観客の心臓の鼓動を作品に反映するなど、VR・インタラクティブ映画はどこまで普及するか
9月2日から開幕する第77回ヴェネチア国際映画祭に、VR&3DCGアーティストの伊東ケイスケ氏が、日本から2年連続の参加を果たしました。
『Beat』という12分間のCGアニメーションが、バーチャルリアリティ(VR)部門のコンペティション作品としてノミネートされたということです。
コロナ禍のなか開催される最初の主だった国際映画祭であるヴェネチア国際映画祭。VR部門はオンラインで開催されます。
私も予告編しかまだ見ておりませんが、『Beat』は、命を吹き込まれたロボットの成長物語だということです。
ユニークなのが、作中のロボットに命を吹き込むのは心臓の鼓動という設定で、それが鑑賞者の実際の心拍数と連動している点です。
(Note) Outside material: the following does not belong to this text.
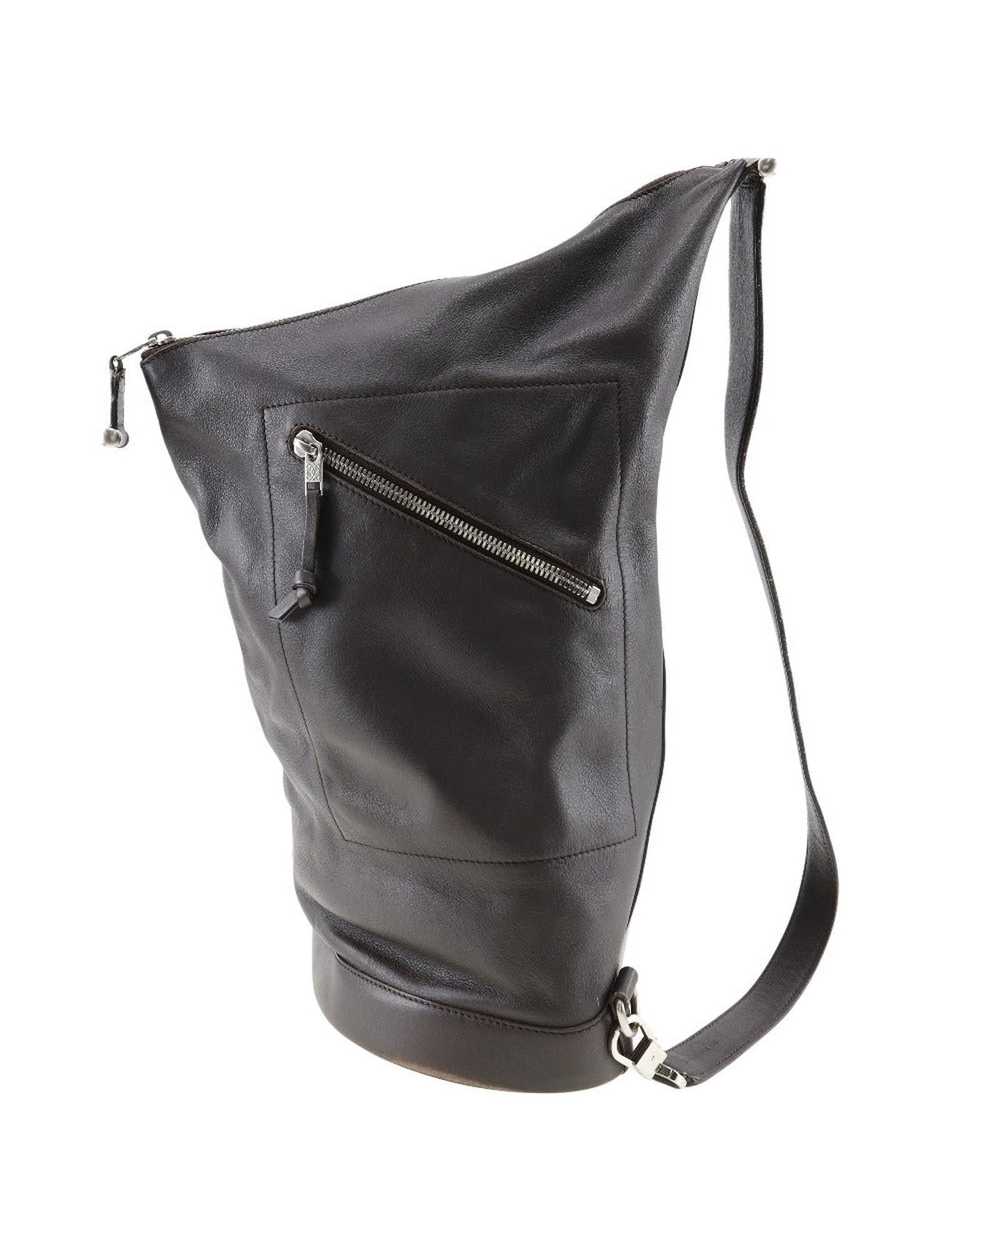 Loewe Brown Leather One-Shoulder Bag - image 1
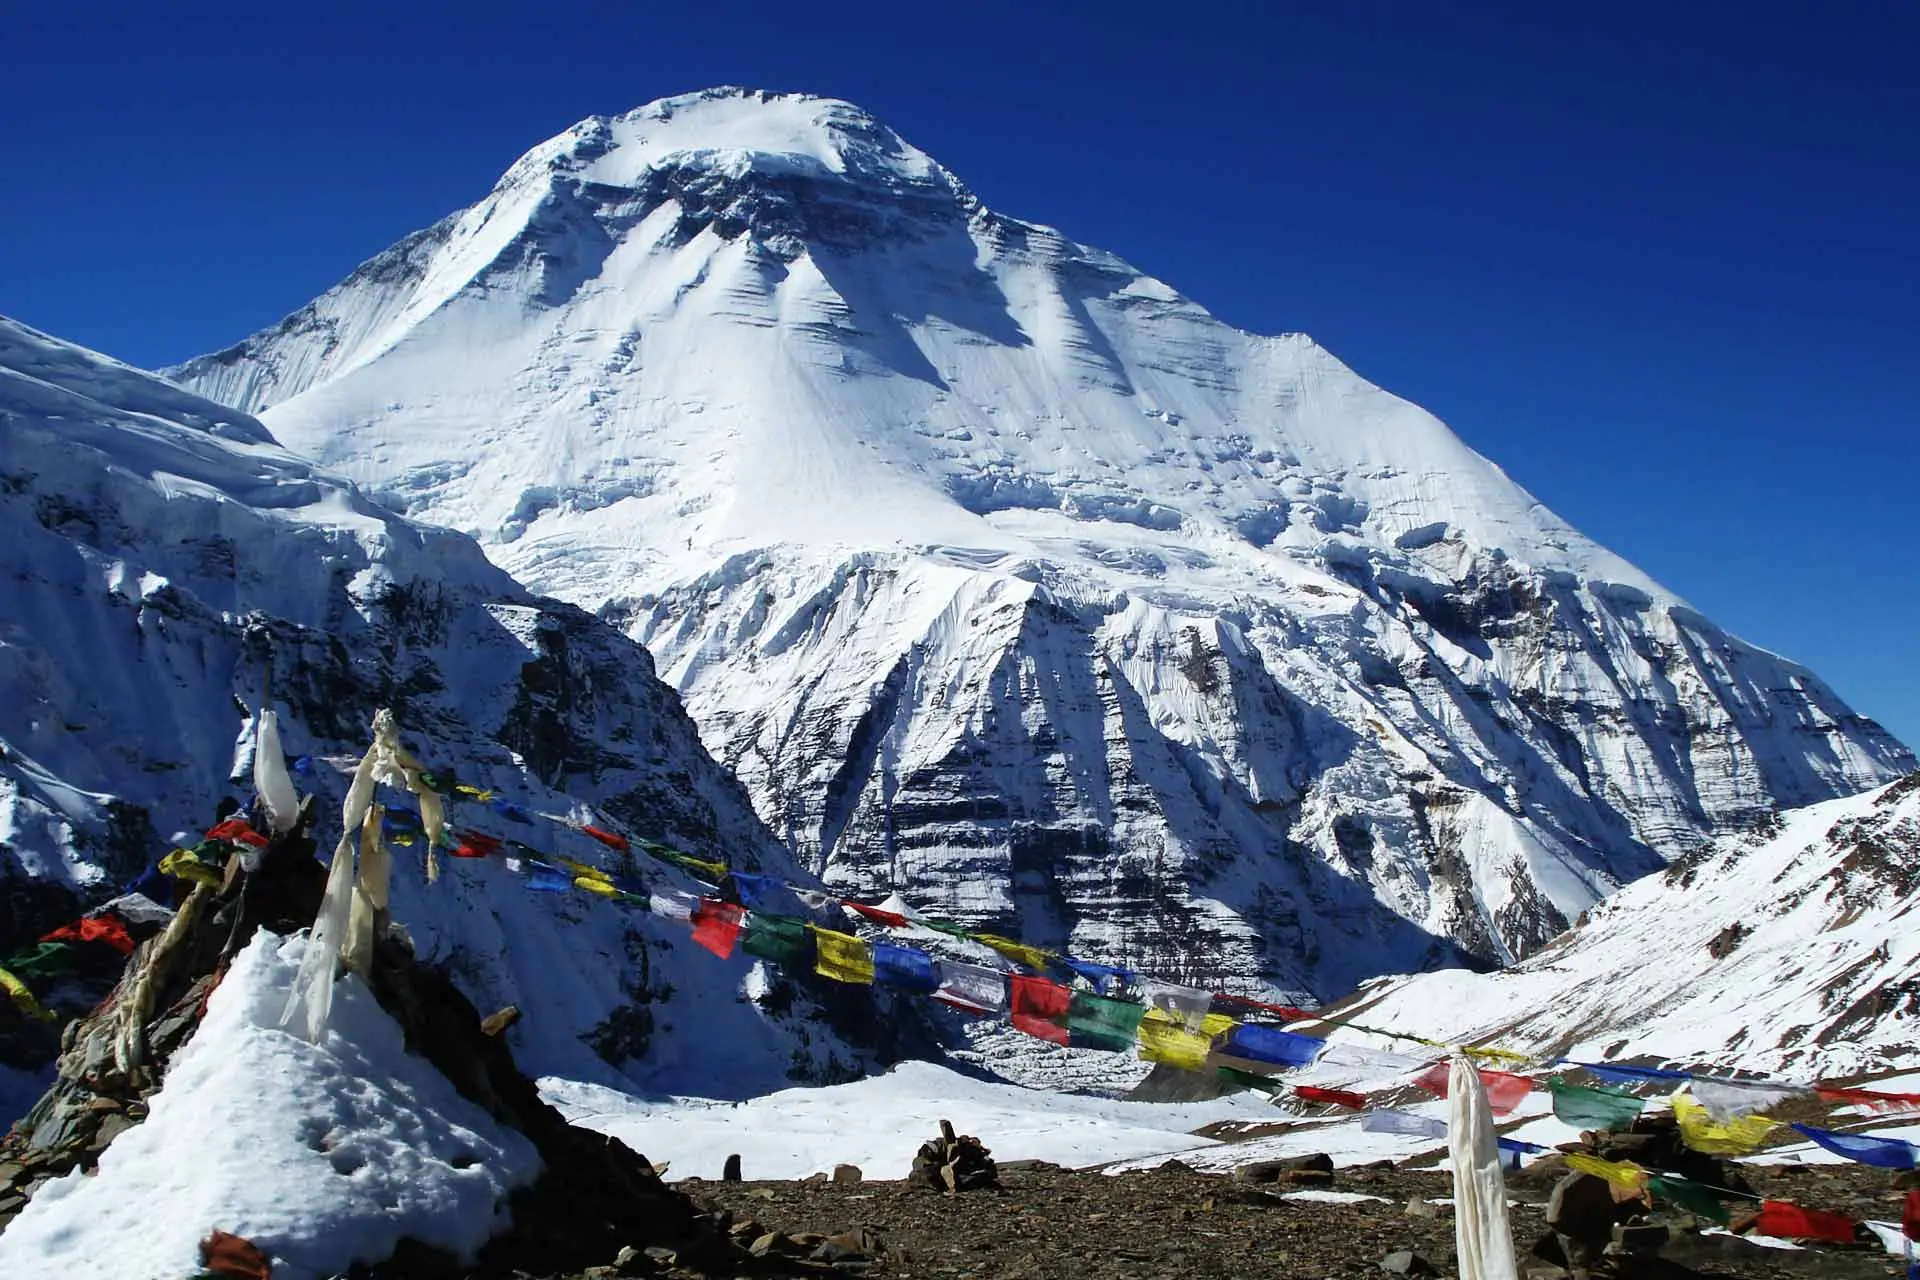 Дхаулагірі (Dhaulagiri) з Французського перевалу (French Pass) на висоті 5370 метрів. Фото: Himalayan Exploration

観客は特殊なデバイスを装着して心臓の動きをモニターしたり、画面と連動したバイブレーションを感じたりして、新鮮な映像体験ができるという仕組みです。
ヴェネチア映画祭には、こうしたインタラクティブな仕掛けを施した映画を集めた部門があります。
ネットフリックスなど動画配信サービスの普及により、映画館の優位性が失われつつある現状で、応援上映など"ユーザー参加型"や"双方向性"という要素が、いま注目されています。この部門にノミネートされる作品は、その最先端といえるでしょう。
すでに日本でも松竹製作の『シライサン』というホラー映画(小説家の乙一=安達寛高による監督作品です)が、実験的なインタラクティブ作品として今年1月に公開されています。
こちらは「イヤホン360上映」といって、観客は指定のアプリをインストールした自分のスマホにイヤホンをつなぎ、それを装着したまま映画館で映画を見るというものです。
すると、劇場のスピーカーにはない効果音などがイヤホンから追加で流され、臨場感がアップするという仕組みです。
映像や劇場のスピーカーとの同期は、視聴覚障碍者用の副音声システムの技術を応用しているそうです。
じっさい体験してみると、思わずイヤホンをはずしてみたり、つけ直してみたりと、なかなか新鮮かつ楽しいものでした。普通の映画より、ちょっとだけお得な感じもしますし、話の種にもなるでしょう。
場合によっては恐怖度を大幅アップした「激コワ音声追加バージョン」とか、全く違ったオチやストーリーを同時進行させる「衝撃のB面同時進行バージョン」など、クリエイターの工夫によってさまざまなことができる可能性を感じさせるものだと感じました。
ただし、『シライサン』の場合は肝心の映画の出来がイマイチでさほどの話題にもならず、それが原因なのかその後の発展の話も聞きません。
インタラクティブやVR上映といったものがいまだ実験段階ということなのでしょうが、無謀に思える試行錯誤が思わぬイノベーションにつながることもあるので、『Beat』とともに私は注目しています。